Identifying specimens by tracking a species-specific DNA component ("barcode") is an invaluable technique for tracking organisms like fungi that spend most (or all) of their life cycles in a microbial stage. Yet researchers have selected DNA barcodes for only a small fraction of described fungal species. While everybody agrees that DNA barcodes must be associated with well-preserved, and accurately described, vouchered specimens (possibly types or holotypes), there is a deep schism in the scientific community about which specimens qualify as being "good enough" to provide a DNA barcode.
One side is pushing for DNA barcodes to be provided only by academic experts in the field, while the other side, which I represent, supports a larger-scale effort through which reasonably well-curated collections may provide the vouchers for DNA barcodes. With an estimated 600,000 undescribed species, and assuming 5,000 taxonomists (a huge overestimate of mycologists with some training in taxonomy worldwide), bridging the gap in knowledge within 40 years would require everyone to classify 120 species during their career. That relies on a ridiculously hopeful estimate of 15,000 new descriptions per year. Between 1980 and 2000, "only" 1,100 species were described per year, as reported by Bruce Barcott in The New York Times in September 2004.
In a recently published paper, my colleagues and I describe an alternative approach that would help fill the gap in knowledge. We sampled every one of the 6,000 taxa present in a fungal collection, extracted DNA from them, and attempted to generate a DNA barcode for each. The collection, housed in the Museum of Natural History in Venice, has a peculiarity: amateur mycologists collected 95 percent of the specimens, and the collection is entirely curated by non-academic volunteers.
In the end, we submitted over 1,100 internal transcribed spacer (ITS) DNA barcode sequences to the National Institutes of Health's (NIH) GenBank, and are still analyzing about 400 more. With the help of two leading taxonomy institutions (Centraalbureau voor Schimmelcultures in the Netherlands and NIH's National Center for Biotechnology Information), we analyzed the quality of the data with an approach that we describe in detail in our paper.
Results showed that less than 5 percent of the samples were grossly misidentified, and another 5 percent had minor potential misclassification issues. Therefore, out of a total of 1,500 samples, 1,350 barcodes could be generated with good quality for vouchered specimens. This was done by a single mycologist working part-time on a project over about six years, using traditional (not next-generation) sequencing techniques.
The method we described further allows us to pinpoint problems and has already triggered a revision of the most problematic groups housed in the Venice collection. Granted, Italy has one of the most solid traditions in the world for macrofungal (i.e. mushroom) classification, and the collection is the official outlet of the largest amateur mycological association in the world (Associazione Micologica Bresadola), which includes over 13,000 current members. However, many other countries have comparable "amateur" expertise.
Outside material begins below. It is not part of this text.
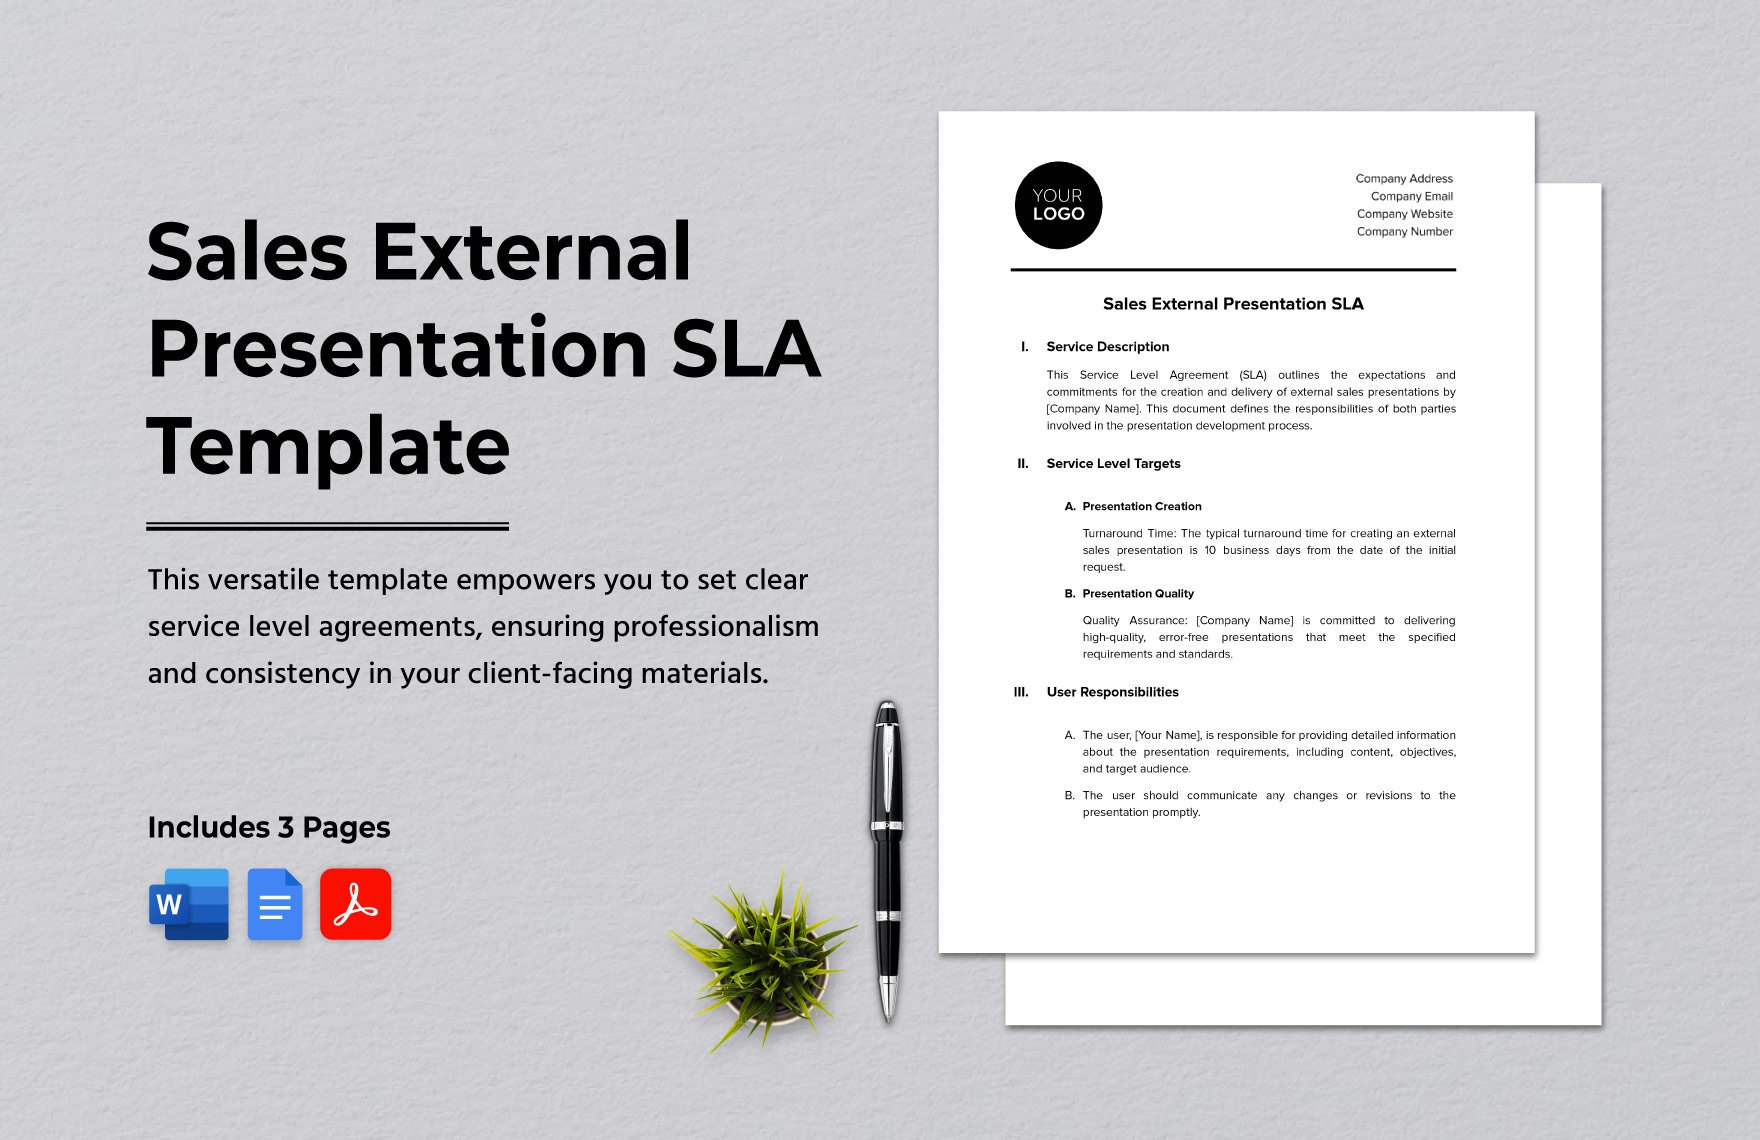 Sales External Presentation SLA Template
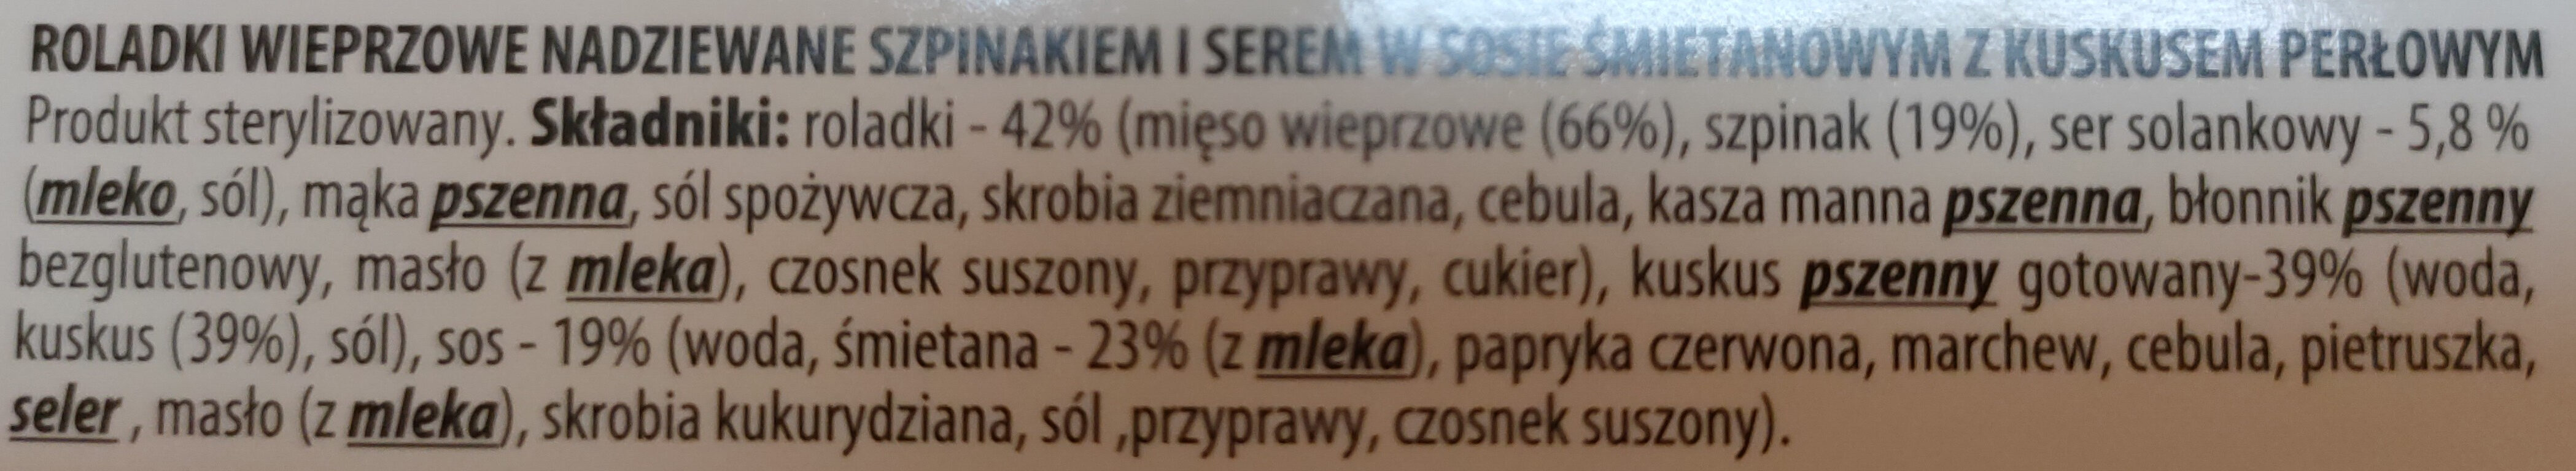 Sokołów premium Danie Gotowe Roladki wierprzowe - Ingrédients - pl

It is time we as academicians, and the agencies that fund us, leave our ivory towers and generate true synergy with peers whose knowledge is, not unlike ours, a true calling. Error rates by specialists currently involved in submitting sequences have been estimated to be around 20 percent. So, actually, working with amateur mycologists may reduce that error rate by half and allow for an order of magnitude increase in the speed at which we bridge the gap in knowledge on fungal taxonomy. It is time for "citizen basic science" to be embraced.
The views expressed are those of the author and do not necessarily reflect the views of the publisher.